Action item →
Copy task. Retype the whole listing exactly, omitting any picture in it.

Data provided →
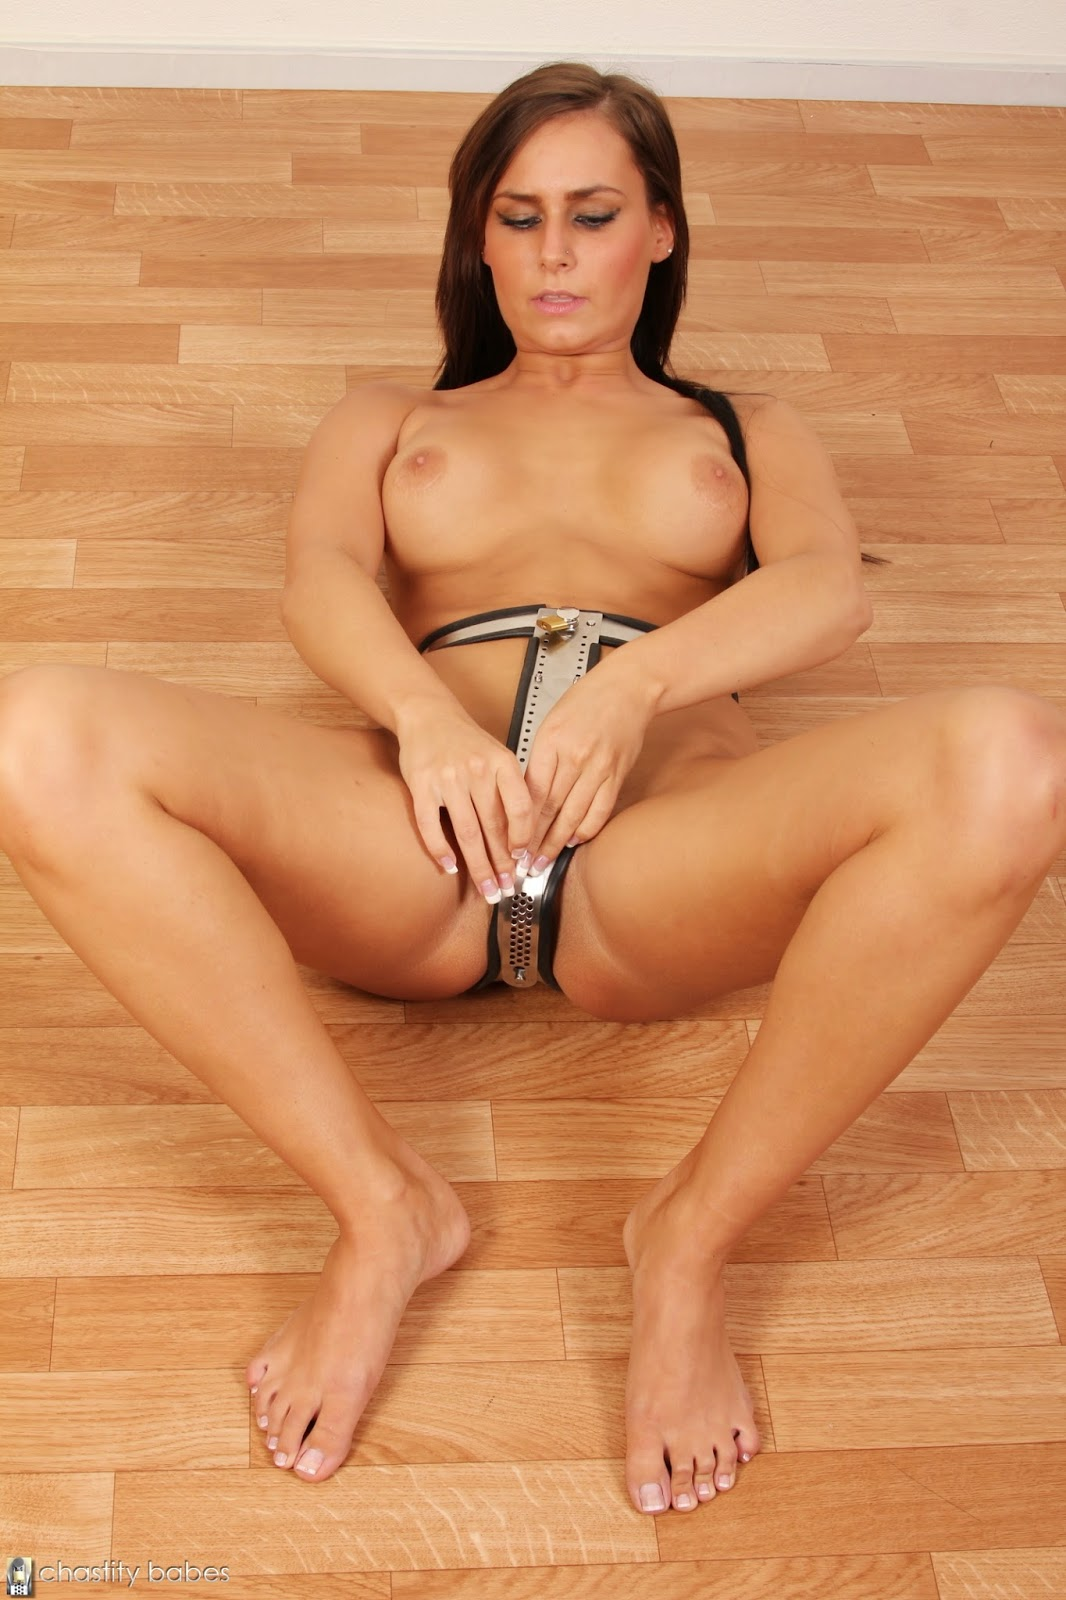 chastity bdsm video
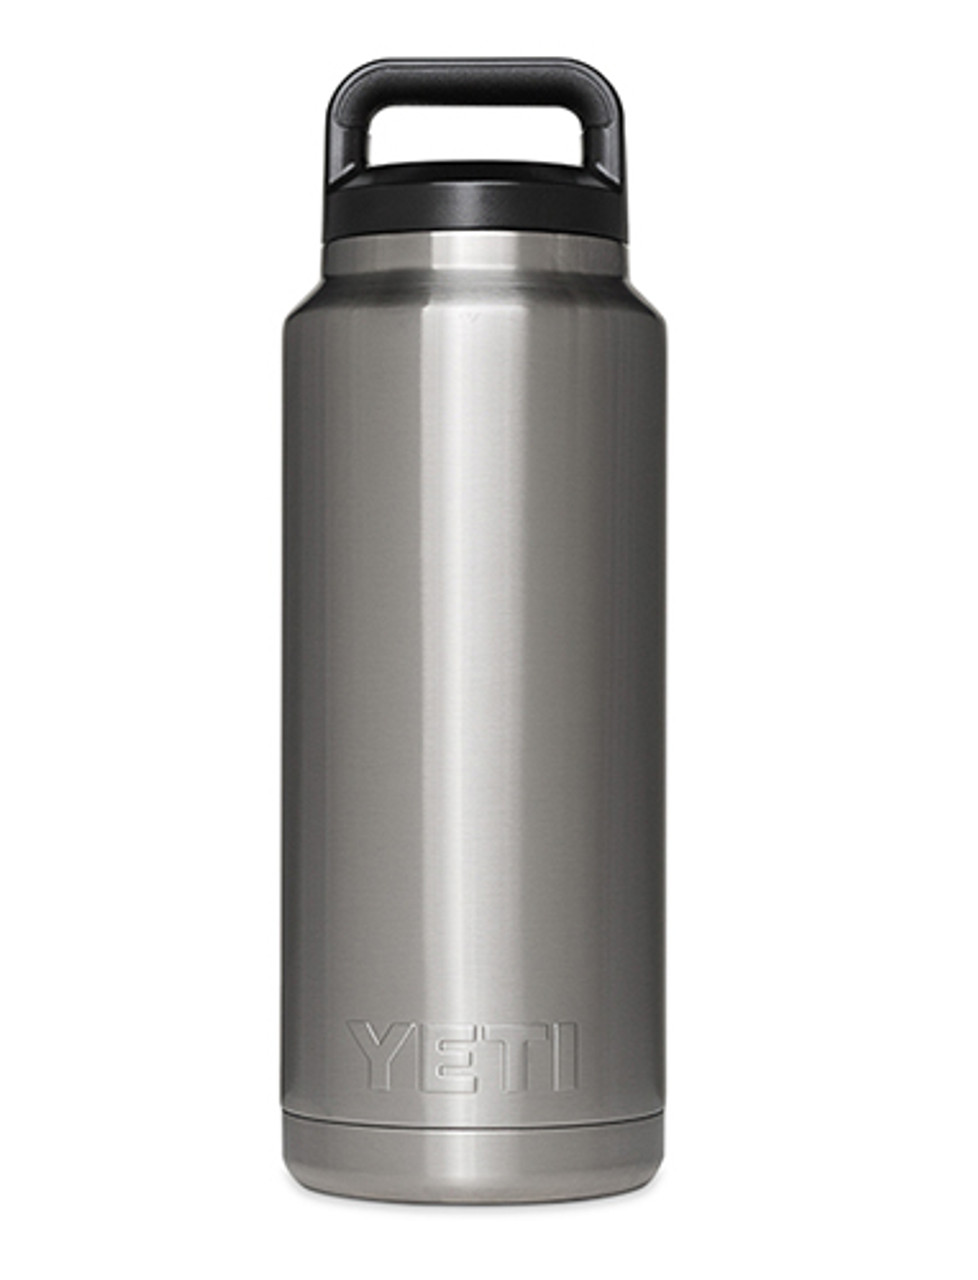 Yeti 36 oz Stainless Steel Double Wall Rambler Bottle
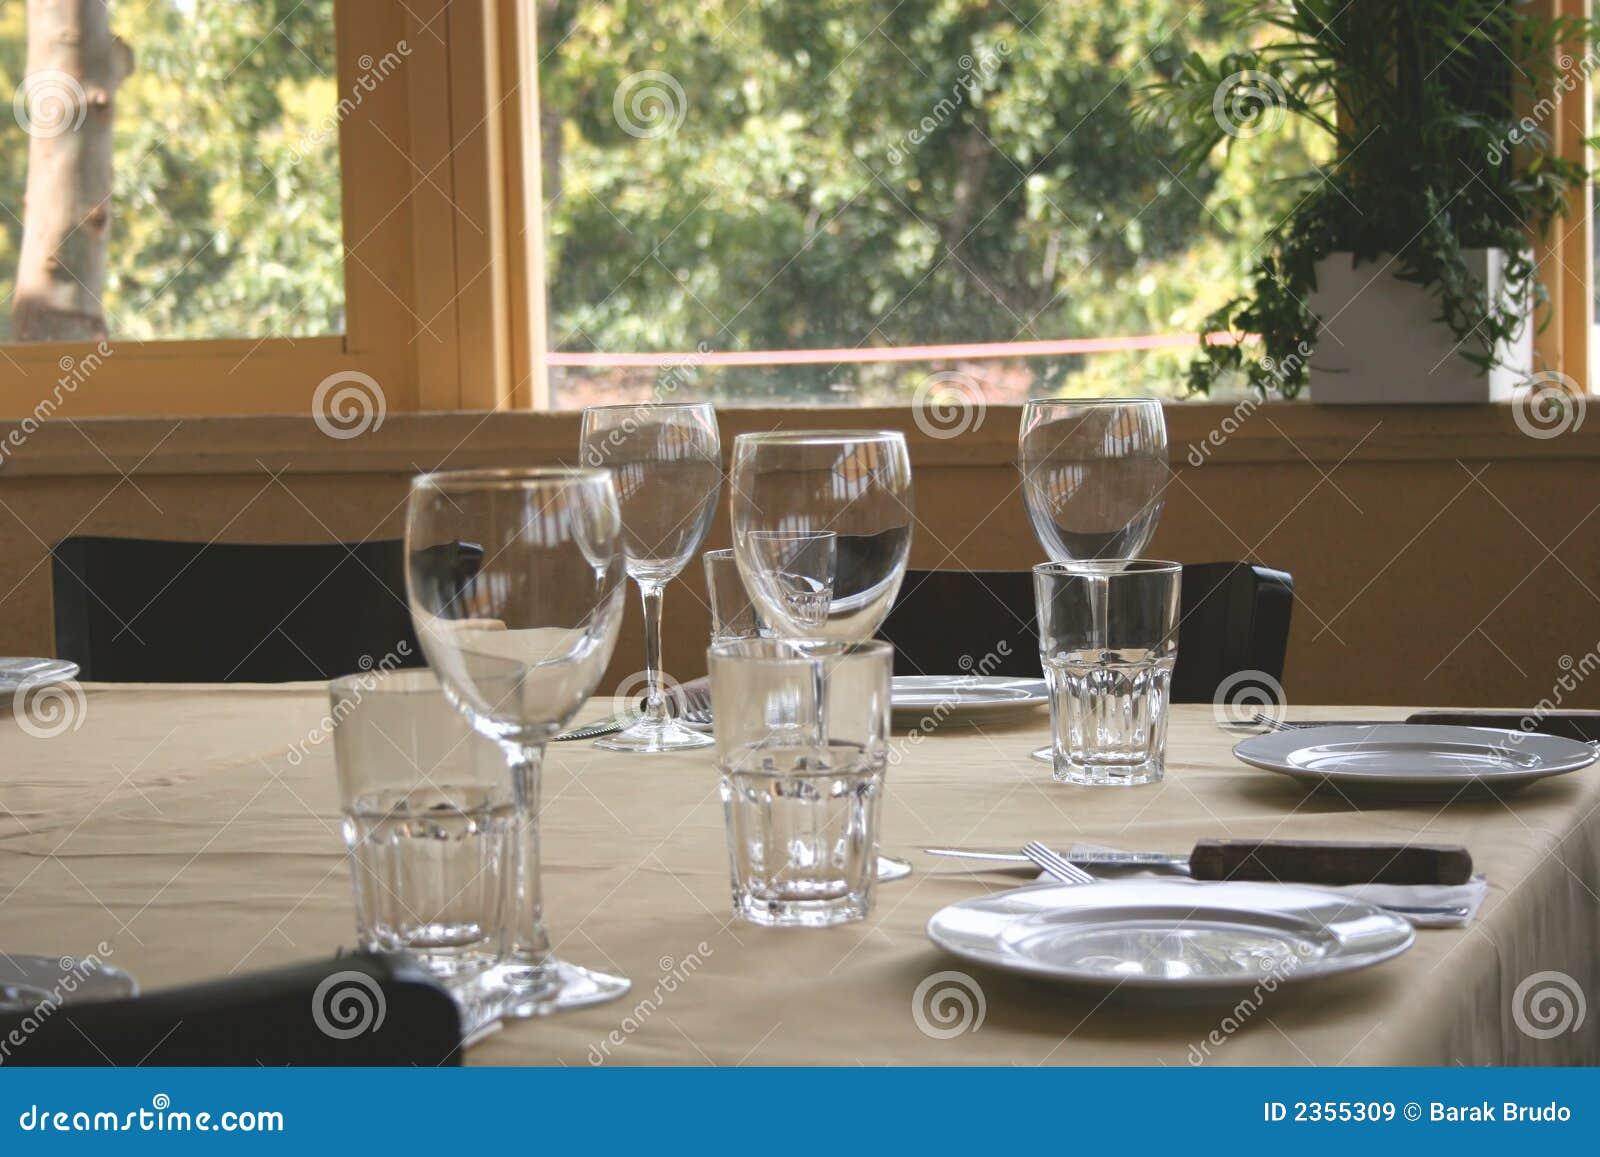 Tableau de restaurant

Finished exercise →
 chastity bdsm video
 Yeti 36 oz Stainless Steel Double Wall Rambler Bottle
 Tableau de restaurant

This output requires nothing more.